# Goodbye, Kiya



## nolefan (Nov 6, 2009)

My condolences on the loss of your precious girl. I can only imagine how heartbroken you and your family must be over a tragedy like that. My heart goes out to you.


----------



## Buddy's mom forever (Jun 23, 2011)

I am very sorry for your loss of sweet Kiya. It is heartbreaking to lose such a young girl.
I remember reading your post about her bad experience with that so call trainer. 
Hope you can do something about that idiot so it never happens to any other dog again.


----------



## ceegee (Mar 26, 2015)

I'm devastated for your family, and for your pup. What a terrible tragedy.
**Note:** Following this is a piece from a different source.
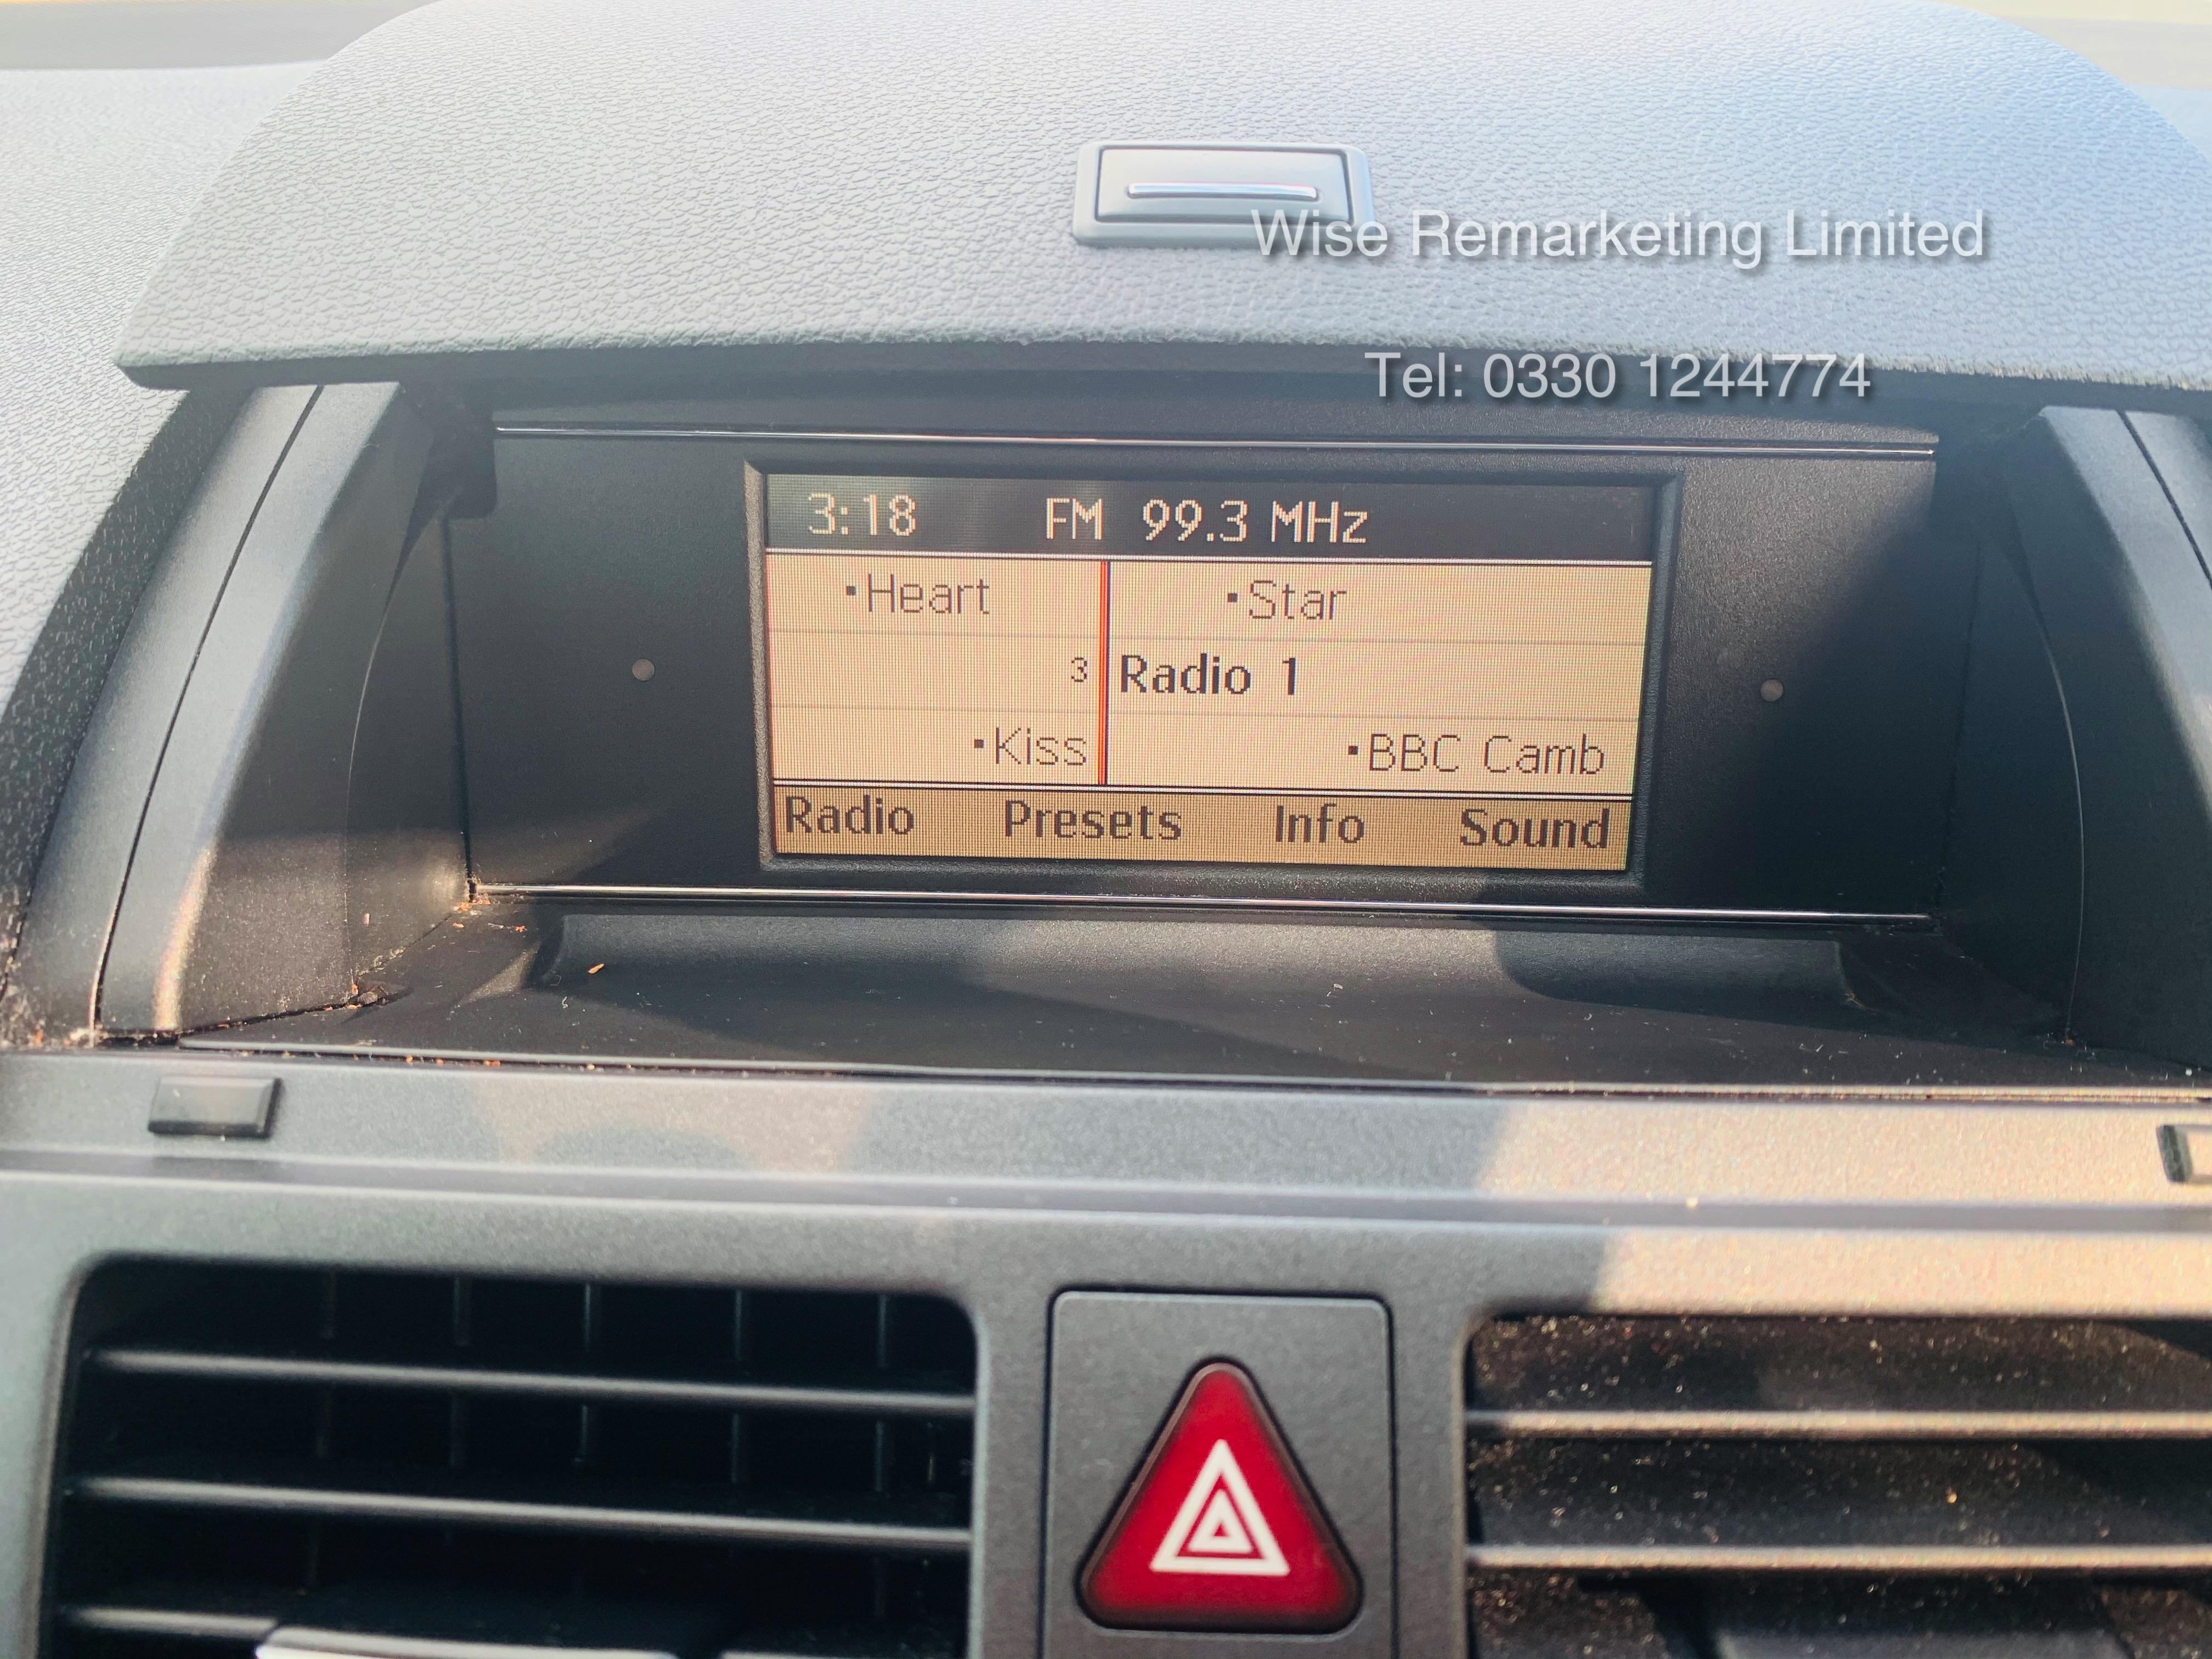 Lot 7 - Mercedes Benz C220 Cdi Blueeff Special Equipment - **Auto** - 2011 Model - Service History

I hope you will publicly name the trainer responsible for her injury, so he or she never gets the chance to do the same thing to another dog.


----------



## Mel (Sep 9, 2008)

So sorry for your loss. Too young.


----------



## mylissyk (Feb 25, 2007)

My emotions went to every extreme just reading your post. I can only imagine your heart break. I am so, so, sorry for this senseless loss of your sweet girl.


----------



## solinvictus (Oct 23, 2008)

So very sorry for your loss of your sweet girl. You are in my thoughts and prayers.


----------



## Yaichi's Mom (Jul 21, 2012)

My heart goes out to you and yours....I am so, so sorry for the loss of your precious girl.


----------



## CAROLINA MOM (May 12, 2009)

I am so very sorry for your loss of Kiya, my thoughts are with you and your family.


----------



## Sarge's dad (Jul 29, 2015)

What devastating news! I am so sorry for the loss of your girl. Thoughts and prayers to you and your family.
Buddy


----------



## 4goldengirls (Jun 10, 2014)

Such a tragic event caused by someone who shouldn't be allowed to train ever again. My deepest condolences.


----------



## Karen519 (Aug 21, 2006)

I am so very sorry about Kiya. My Smooch and Snobear will take care of her.
I added her to the Rainbow Bridge List:
http://www.goldenretrieverforum.com...y-list/395098-2016-rainbow-bridge-list-4.html


----------



## tessmk (Aug 30, 2015)

I am so sorry for your sudden and tragic loss of your precious baby girl. My heart aches for you and your family.


----------



## Otis-Agnes (Nov 24, 2015)

So sad and tragic. I'm very sorry for your loss. Agnes


----------



## AngelCoopersMom (Oct 15, 2015)

Oh my. I am so sorry for your loss. :-(


----------